The 17th and 18th centuries saw a resurgence in literary activity. Kings like Teimuraz I and Archil II contributed to the field. This period produced notable works like The Book of Wisdom and Lies by Sulkhan-Saba Orbeliani, alongside works by David Guramishvili and Bessarion Gabashvili. Themes of a suffering homeland and grief resonated during this era. Despite Persian oppression, Georgian authors often displayed admiration for Persian language and poetry.

=== Westernization and Romanticism (19th Century) ===
The 19th century marked a shift towards Western influence as Georgia gradually joined the Russian Empire. Romanticism became the dominant style, with leading poets like Alexander Chavchavadze, Grigol Orbeliani, and Nikoloz Baratashvili shaping the era.
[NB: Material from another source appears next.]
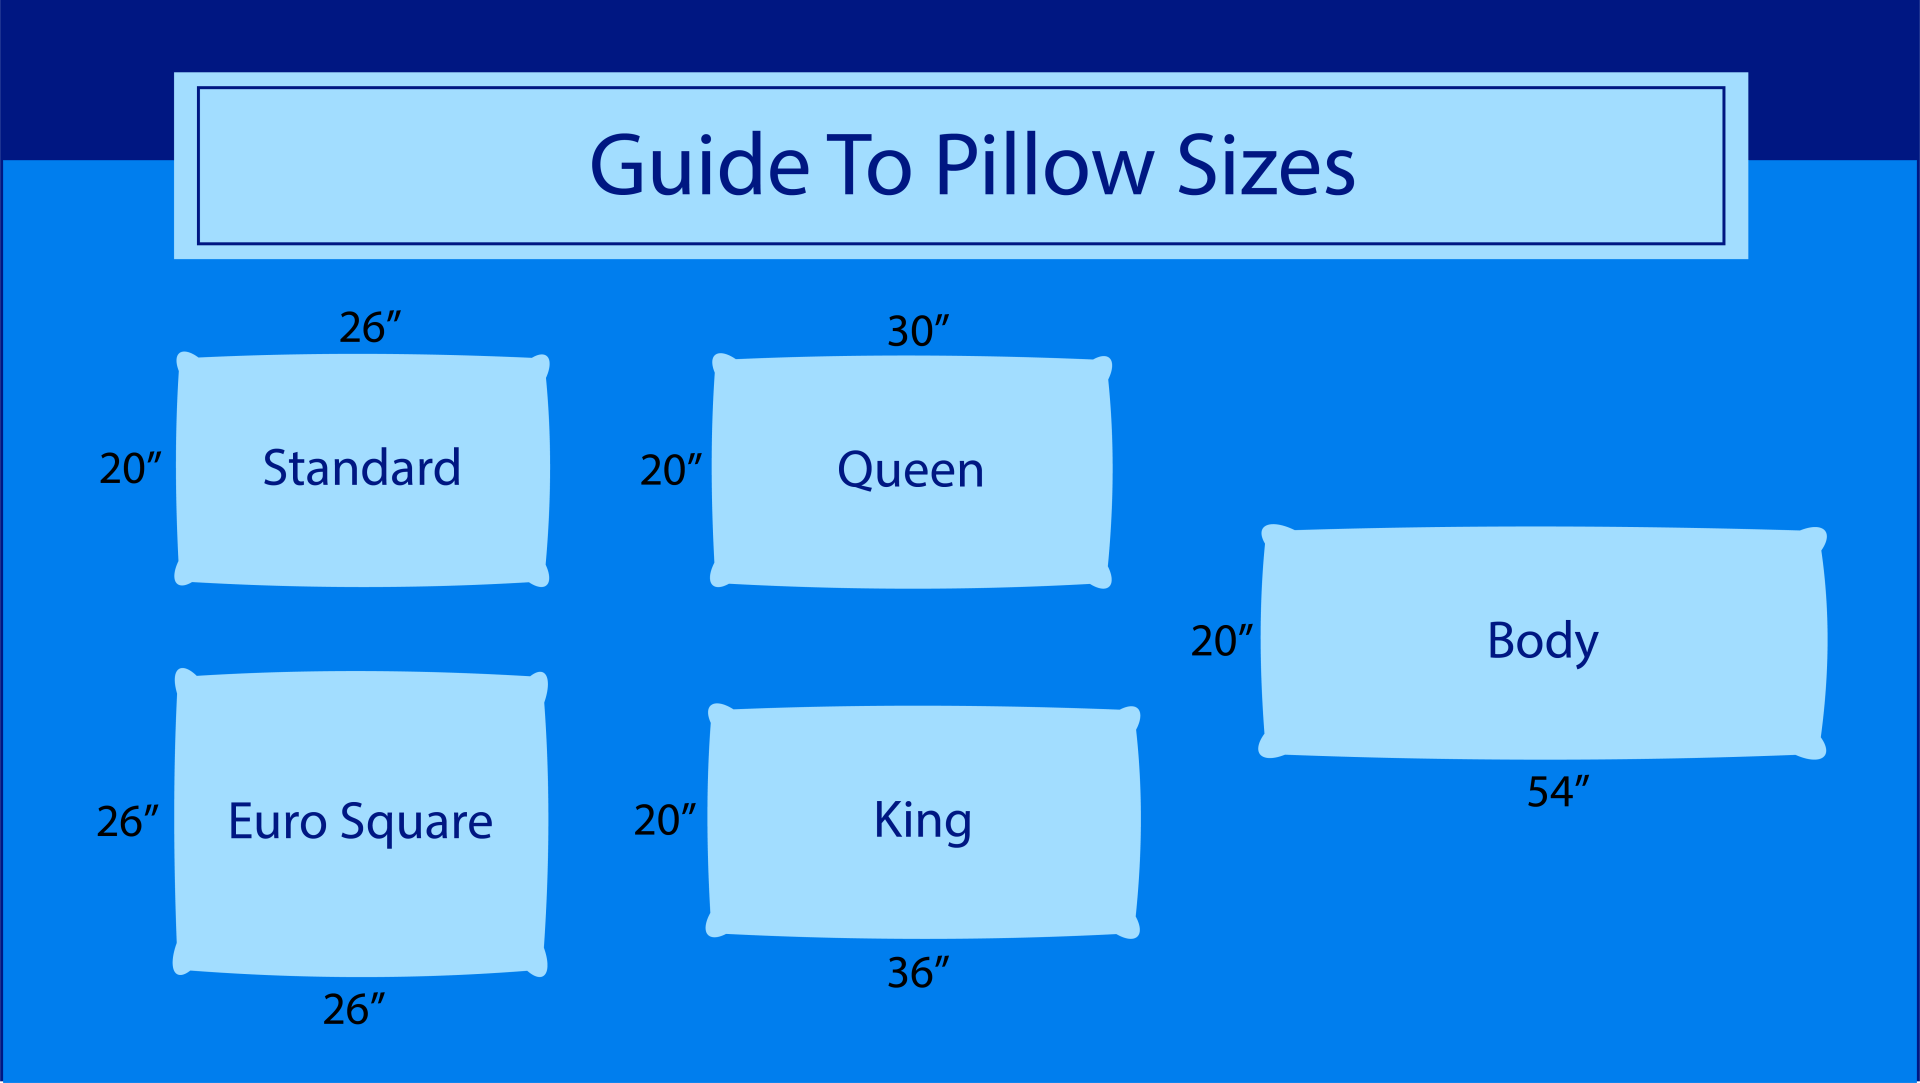 Standard Body Pillow Size | peacecommission.kdsg.gov.ng

The next generation saw a rise in nationalism and a growing focus on social issues. The "Tergdaleulebi" movement, advocating education and reform, led by Russian-educated Georgians, heavily influenced literature. Realism gained prominence, with writers like Ilia Chavchavadze, Akaki Tsereteli, Alexandre Kazbegi, and Vazha-Pshavela drawing inspiration from both Russian and Western European literature.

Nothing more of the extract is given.